According to a JLL report, previous “just in time” delivery is giving way to “just in case,” or stocking enough goods for potential spikes in demand. “The days of thin inventory levels are over,” JLL says.
Port customers now require additional, longer-term storage on terminal to help ensure product availability during spikes in demand. To help balance the competing needs for longer-term storage and cargo fluidity, the Georgia Ports Authority (GPA) has purchased 145 acres adjacent to the Port of Savannah and, separately, has brought online another 6,000 twenty-foot equivalent container units of container stacking space. GPA also is doubling Savannah’s on-terminal rail capacity.
On July 1, GPA commissioned its first two rail-mounted gantry cranes to work the Port of Savannah’s Mason Mega Rail Terminal. Spanning nine tracks, the machines speed the transition of containers between trains and trucks. The new RMGs are the first of 10 that will serve Class I railroads Norfolk Southern and CSX on the port’s expanded rail infrastructure. The Mason Mega Rail project will increase annual rail capacity at Garden City Terminal to 2 million TEUs, growing the number of working tracks from eight to 18.
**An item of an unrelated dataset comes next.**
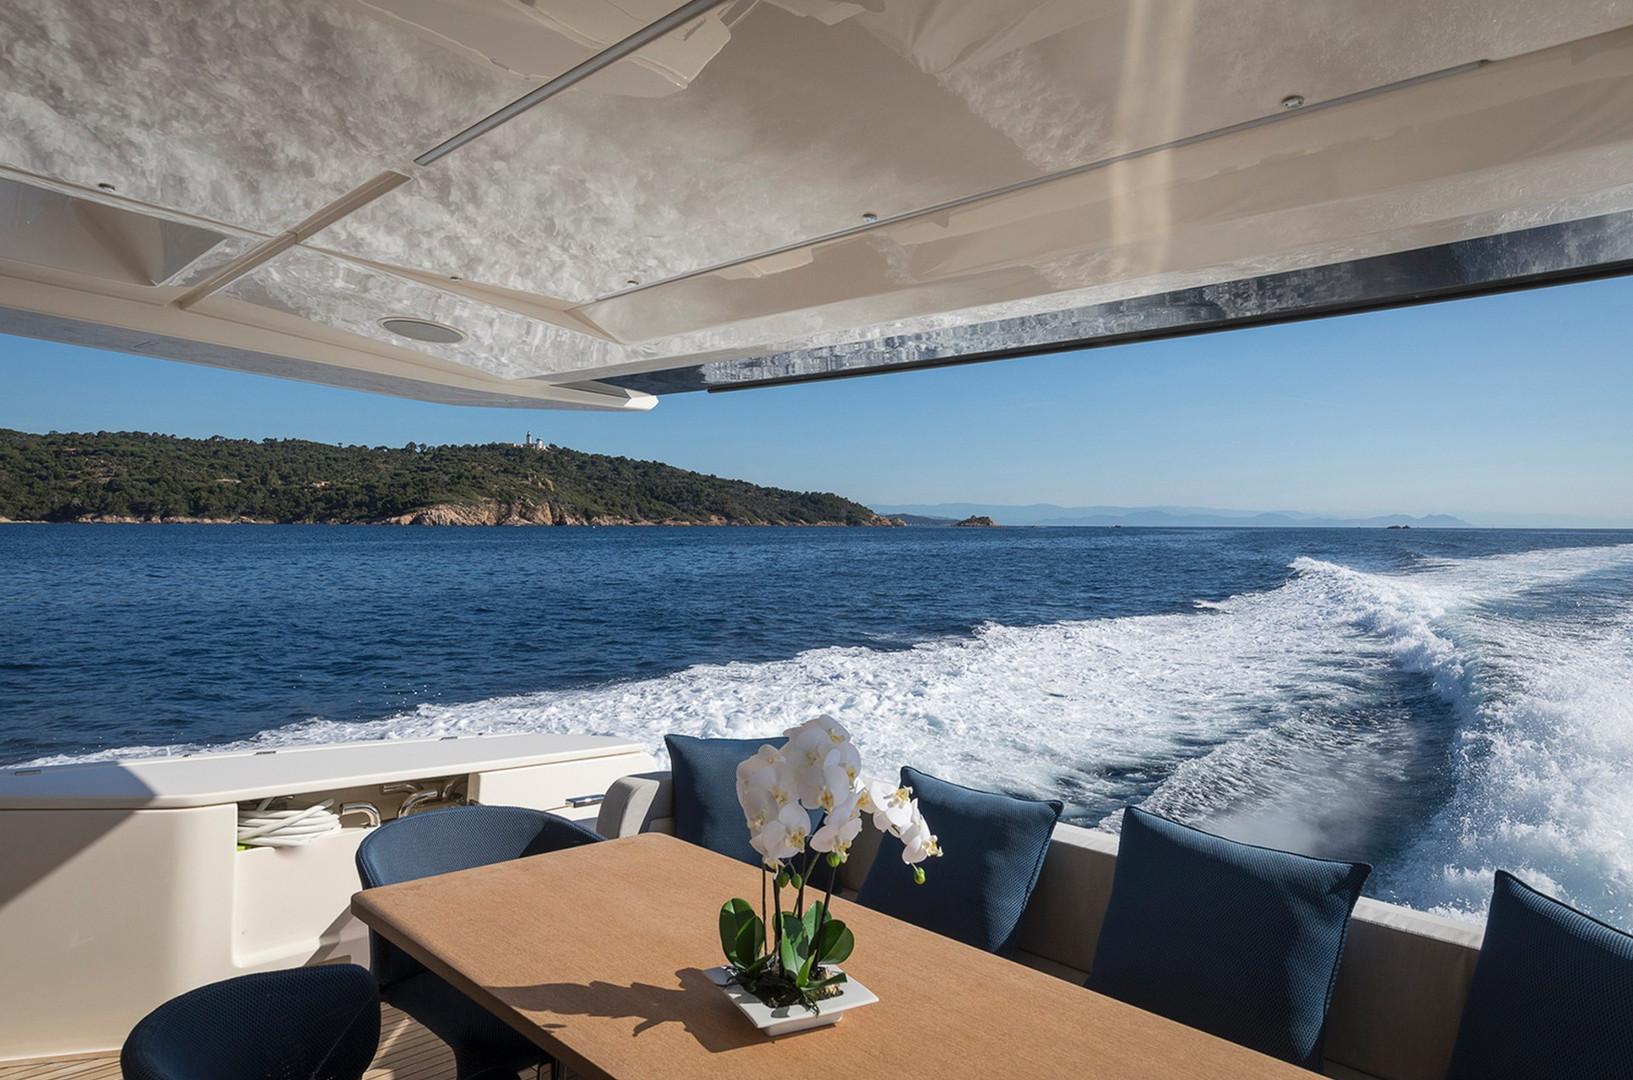 Yacht EPIC - aft deck underway

“As North America’s single largest container terminal, Savannah’s Garden City Terminal can easily handle the growth that will come in the shift from just-in-time to just-in-case,” GPA Executive Director Griff Lynch said.
The Port of Savannah’s Garden City Terminal is the nation’s third-busiest and fastest-growing gateway for containerized trade. At 1,345 acres, it is also the largest single-operator container terminal in North America. Offering 37 weekly containership services, the Port delivers superior scheduling flexibility, and more connections to global markets.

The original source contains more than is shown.